Monday, December 12, 2011

An excerpt from a book I am writing on drawing in particular some points on Erwin Hauer's sculpture class at Yale



Al Held from 1965

To say as I did earlier that I learned most drawing techniques on my own is true only in part. In some cases what teachers conveyed often in passing only made sense years later. Or there was something in the professor’s own work that was unclear to me at the time. This was particularly the case with Al Held, whose mid career work was for the most part unknown to me when I studied with him at Yale.

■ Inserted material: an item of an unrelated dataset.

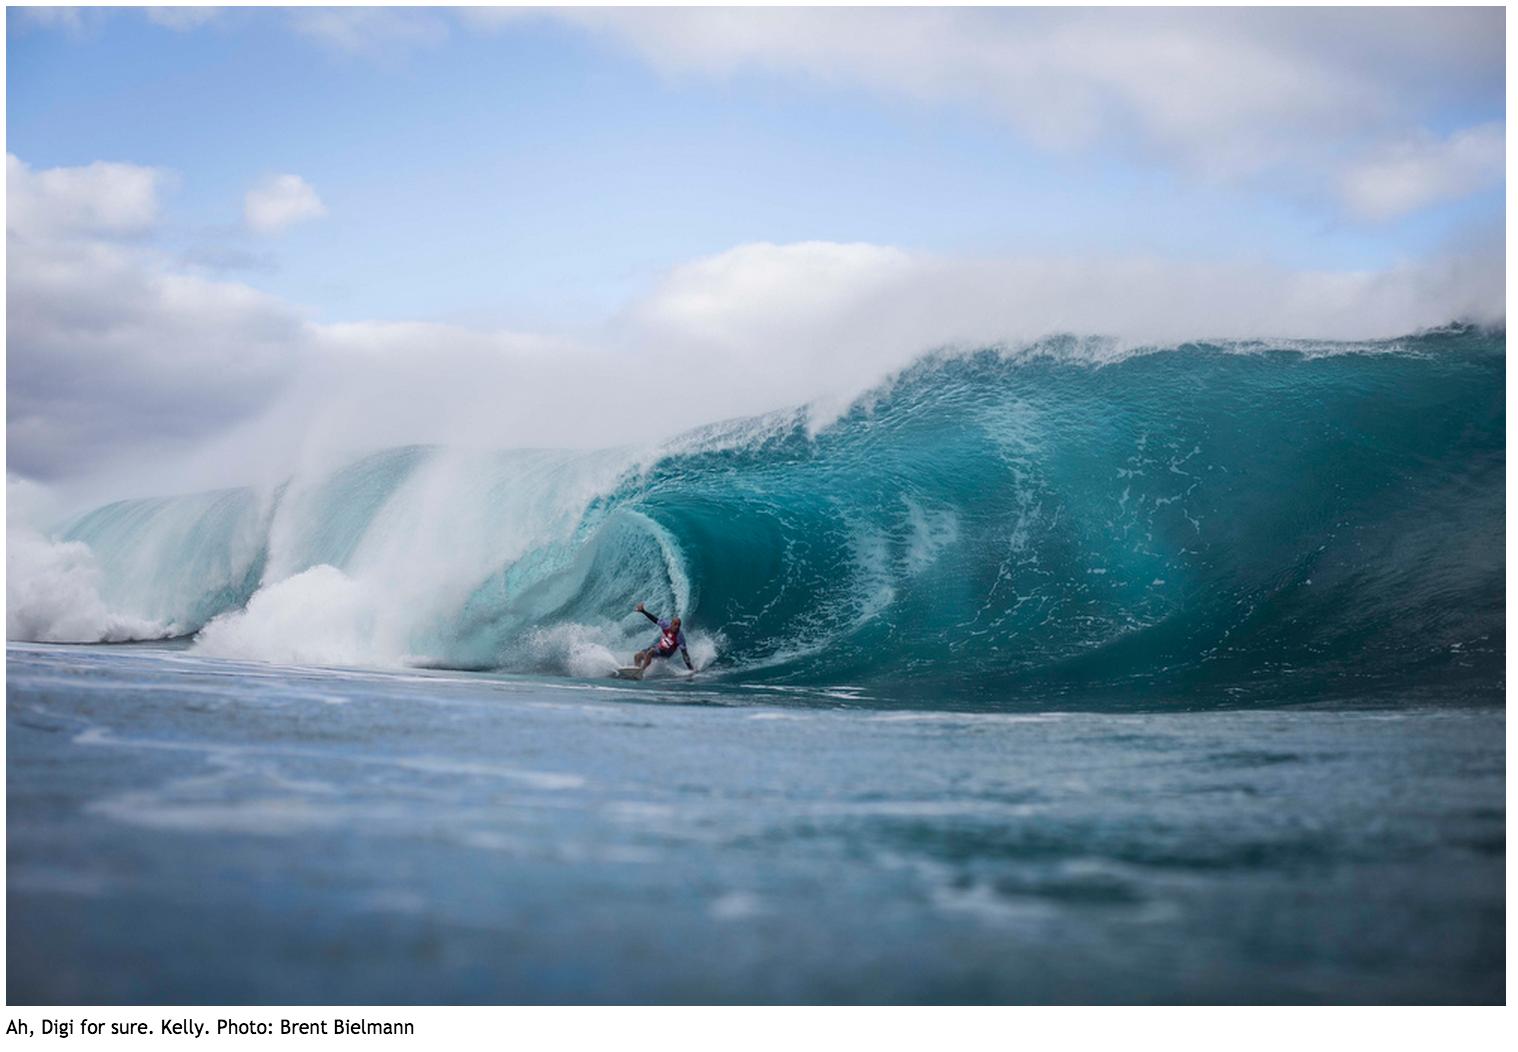 From SurfingMagazine.com

It generated its energy by reversing figure and ground thereby upsetting our normal relationship to the world, where we are interested in the objects in front of us not the negative space behind it.  Someone who gave me the facts like Sergeant Joe Friday in the TV show ”Dragnet” ("Nothing but the facts Ma'm")was Erwin Hauer sculptor professor at Yale, whose architectural screens from the 60’s are being rediscovered. He conveyed to me how in sculpture to express the pneumatic aspect of living beings. It all started in his figure sculpture class where my initial efforts to sculpt showed no respect for the surface tension of the human form in the clay model. He kept repeating that representing what is seen on the surface is how you understand what is underneath. He told me to abandon the figure sculpture I was working on to sculpt a rhinoceros thighbone , a relic from the zoology department. Continuity of surface became the mantra as he had me physically touch the contours of the bone to feel the movement of the surface in space.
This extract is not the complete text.